The defer-queue point cuts the same way one level up. Bulk-approve fatigue isn't only a UX problem — it's the rule file telling you it's mis-calibrated. Defers that hit a rubber stamp are evidence the predicates are too coarse and need to be tightened. So the proxy's most useful long-tail signal might be: which permits drove the largest fraction of defers that operators approved? That's the rule file showing you where it's drifting from operational reality. Without a discipline to surface and revise those rules, you've moved the trust boundary, not eliminated it. Curious how Faramesh handles rule lifecycle — does governance.fms get diffed, versioned, retired, or does it accumulate? Treated like code with PR review, or like config that gets edited in place?

Collapse
 
brianrhall profile image
Brian Hall

Yeah, governance.fms is treated like code, not config you edit in place. It's versioned and PR'd in the repo, and the daemon won't hot-reload it, a change only goes live on faramesh apply. If it just read the file on its own, anyone with file-write basically owns your policy.

For the drift part, that's mostly what faramesh plan is for. It replays your real decision history against the new policy and shows what would change before you ship, so tightening a predicate isn't a guess.

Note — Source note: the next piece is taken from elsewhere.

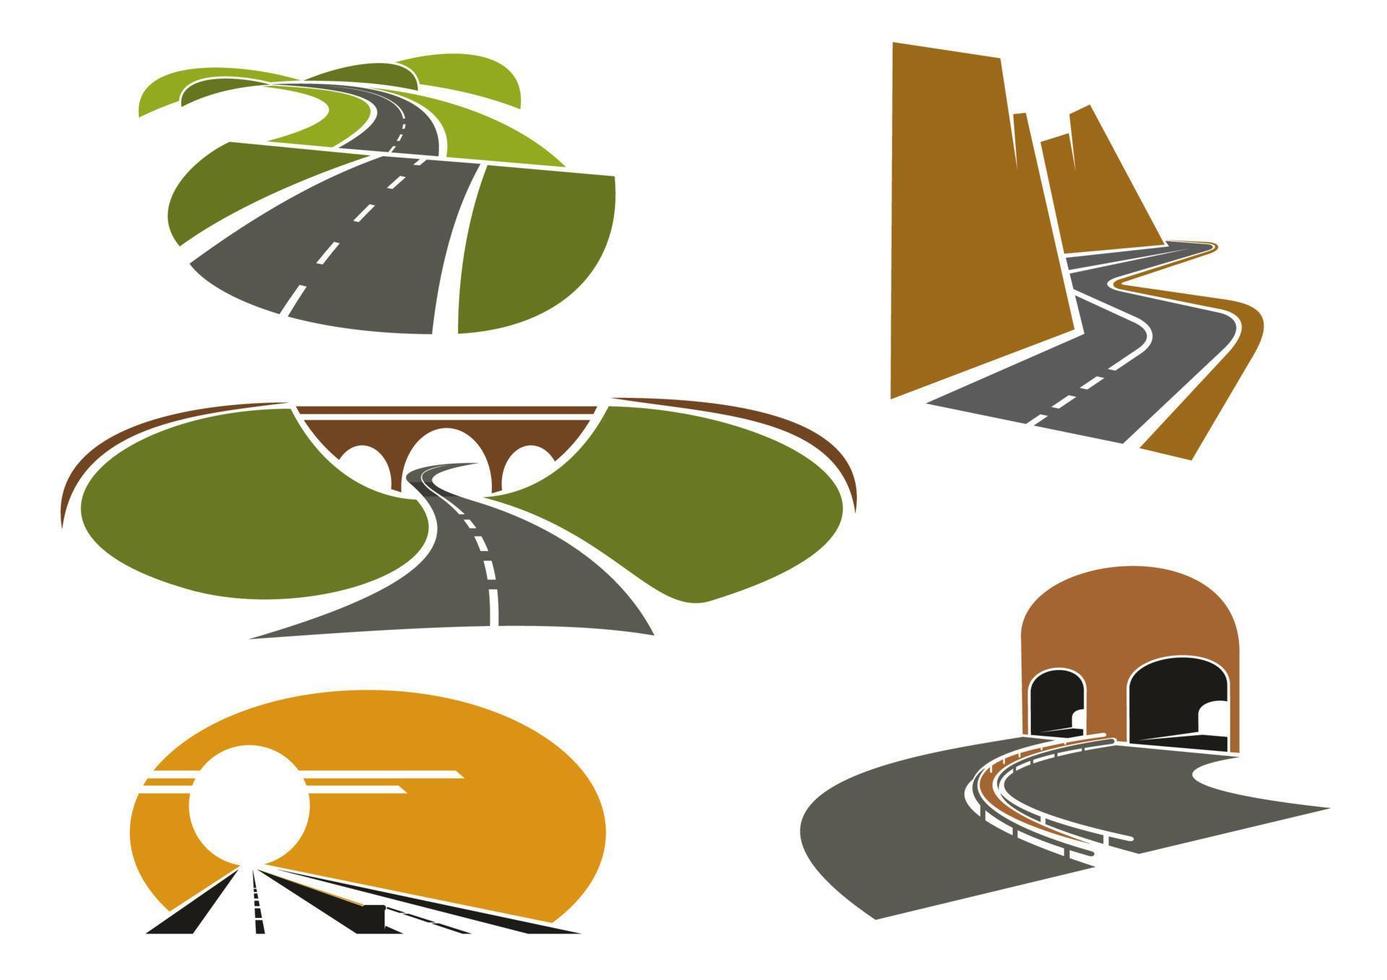 vías rápidas, autopistas, pasos subterráneos y autopistas vector

And the defer signal you're describing is already in the audit log, every approved defer is recorded against the rule that fired, so you can see which permits are generating the most approvals and tighten those. It's queryable now, just not packaged into a dashboard.

Collapse
 
jugeni profile image
Mike Czerwinski

Plan-against-history is the answer I was hoping was there — tightening predicates with a dry-run against the actual defer corpus closes the calibration question without guessing. And the defer-signal-already-in-audit-log point lines up with my experience: raw queryability tends to beat a fixed dashboard once you know which questions matter.